Aeration and seeding went from $115,000 last year to $145,000 this year, driven largely by these kinds of targeted upsell campaigns. The key insight Steve learned from the program was that people buy when they want or need something. Asking them to commit to aeration back in January for something they might want in September doesn’t work. But when the time comes and you send them a text explaining exactly what’s happening and why they need it right now, they jump on it.

Why Yard Signs Still Matter

Steve spends six or seven thousand dollars a year on yard signs, and he thinks it’s one of the best marketing investments he makes. Yard Boss doesn’t use the standard small signs. They use big ones, about the size of a sheet of paper, with their mascot Blade on them. They put them everywhere. In client yards after completing a job, at intersections, at neighborhood entrances, even in the center of roundabouts, which got them threatened with fines from the city.

The Christmas light signs are especially effective because they tend to stay in yards all the way until spring. People just don’t think about pulling them down when they’re not doing much yard work in the fall and winter. So Yard Boss gets months of free advertising from a single sign.

Steve’s philosophy on visibility is simple. He wants everybody in Lincoln to know that Yard Boss exists, whether they need the service right now or not. “One day you’re gonna be having coffee or drinks with your friend and they’re gonna be talking about getting lawn care, pest control, Christmas lights, whatever. You’re like, well, I don’t know, but I know this Yard Boss, I see them around,” he said. And then when that person goes to Google or Facebook, the ads are already there waiting for them.

The Truck Wrap Illusion

Steve’s fleet is all bright green and blue F-250s and 350s, and they all look identical. Same trucks, same color, same wrap, same everything. People in Lincoln have started saying they see Yard Boss trucks everywhere, which Steve finds hilarious because he only has six trucks rolling on any given day.

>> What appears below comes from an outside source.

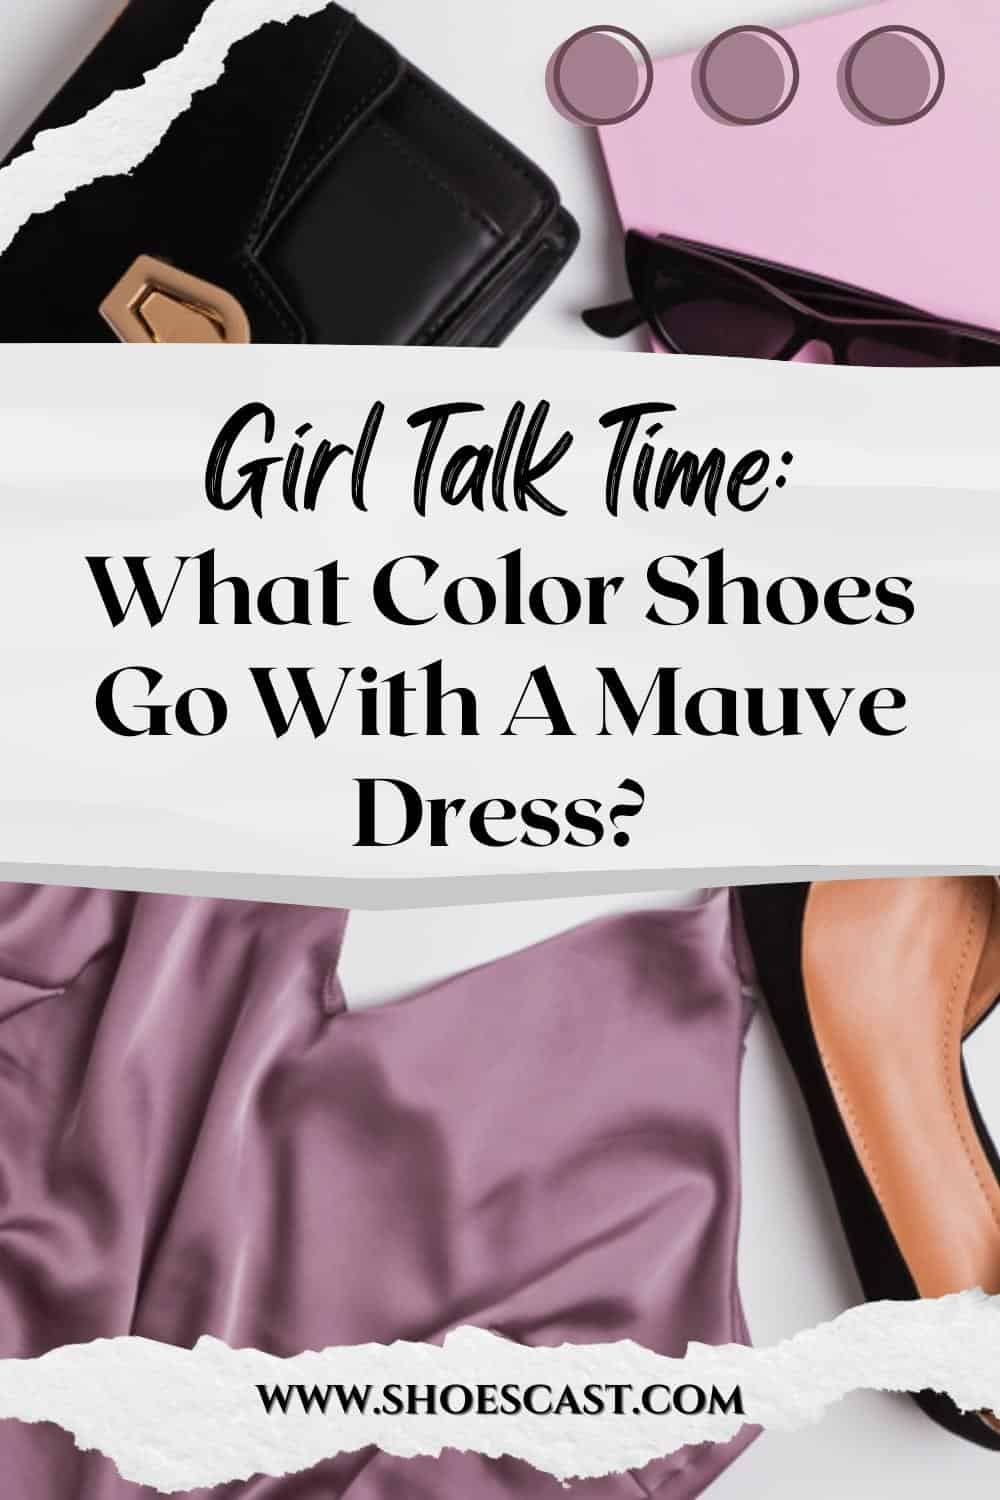 Girl Talk Time: What Color Shoes Go With A Mauve Dress?

“You don’t see them everywhere. We’ve only got six rolling a day. We’re not even in every part of town every day,” he told me. But because they all look the same, people think the company is twice as big as it actually is. Steve also never reuses truck numbers. Their current trucks are numbered up to 25, even though they’ve never had 25 trucks at once. People see truck number 22 and assume there must be a massive fleet. It’s a simple psychological trick that costs nothing extra and makes the company feel way bigger than it is.

The Mindset Shift That Changed Everything

Steve’s biggest turning point came at the end of 2019 when he went to a conference in Dallas and ended up in a mastermind group. He grew up in a town of 8,000 people. Running a million dollar business there made him feel like the richest guy in town. But sitting in a room with guys doing 10,000 clients and multiple locations completely rewired how he thought about what was possible.

“It was a mindset shift really is what it came down to,” Steve told me. He also realized he’d been stuck in his small town too long. Word of mouth had built the business, but the market was maxed out. He had to push into Lincoln in a big way to hit his growth goals, and that decision alone changed the trajectory of the company.

Steve also learned the hard way that marketing agencies aren’t always the answer. He discovered that his own agency had been using Go High Level the whole time, a powerful CRM and marketing automation tool, and he had no idea. Once he understood how it actually worked, he was able to have real conversations with his agency about what to do, how to target, when to pull ads down, and when to go all in on something that was working.

What's Next

Steve’s got his sights set on Omaha. Lincoln can probably support about 3,500 to 4,000 clients, and Yard Boss is at about 2,400 right now. He thinks they’ll get there fairly quickly at the pace they’re growing. But Omaha is four times the size of Lincoln, and that’s where the real runway is.

He’s planning to move into Omaha in pieces, starting on the west side and working his way into the metro over time. The goal is to be there within two years. Steve set a personal goal to be in Omaha by the time he’s 37, and he’s not backing down from it.

Christmas lights will keep playing a role too, even though Steve calls it a love hate relationship. It solves the winter revenue problem that plagues most lawn care companies, and when it’s executed well, it’s incredibly profitable. The key is having the operations dialed in tight enough to handle the compressed timeline. Missing even a week of marketing or falling behind on installs can cost you the entire season.

Key Takeaways

Steve’s story spans 17 years of building a home services business from the ground up, and there’s a ton to learn from it. First, stop doing everything. Steve’s biggest growth came after he cut services and focused on what he was actually good at. Fertilizer, weed control, pest control, and Christmas lights. Similar services, similar skills, similar customers. Focus beats breadth every single time.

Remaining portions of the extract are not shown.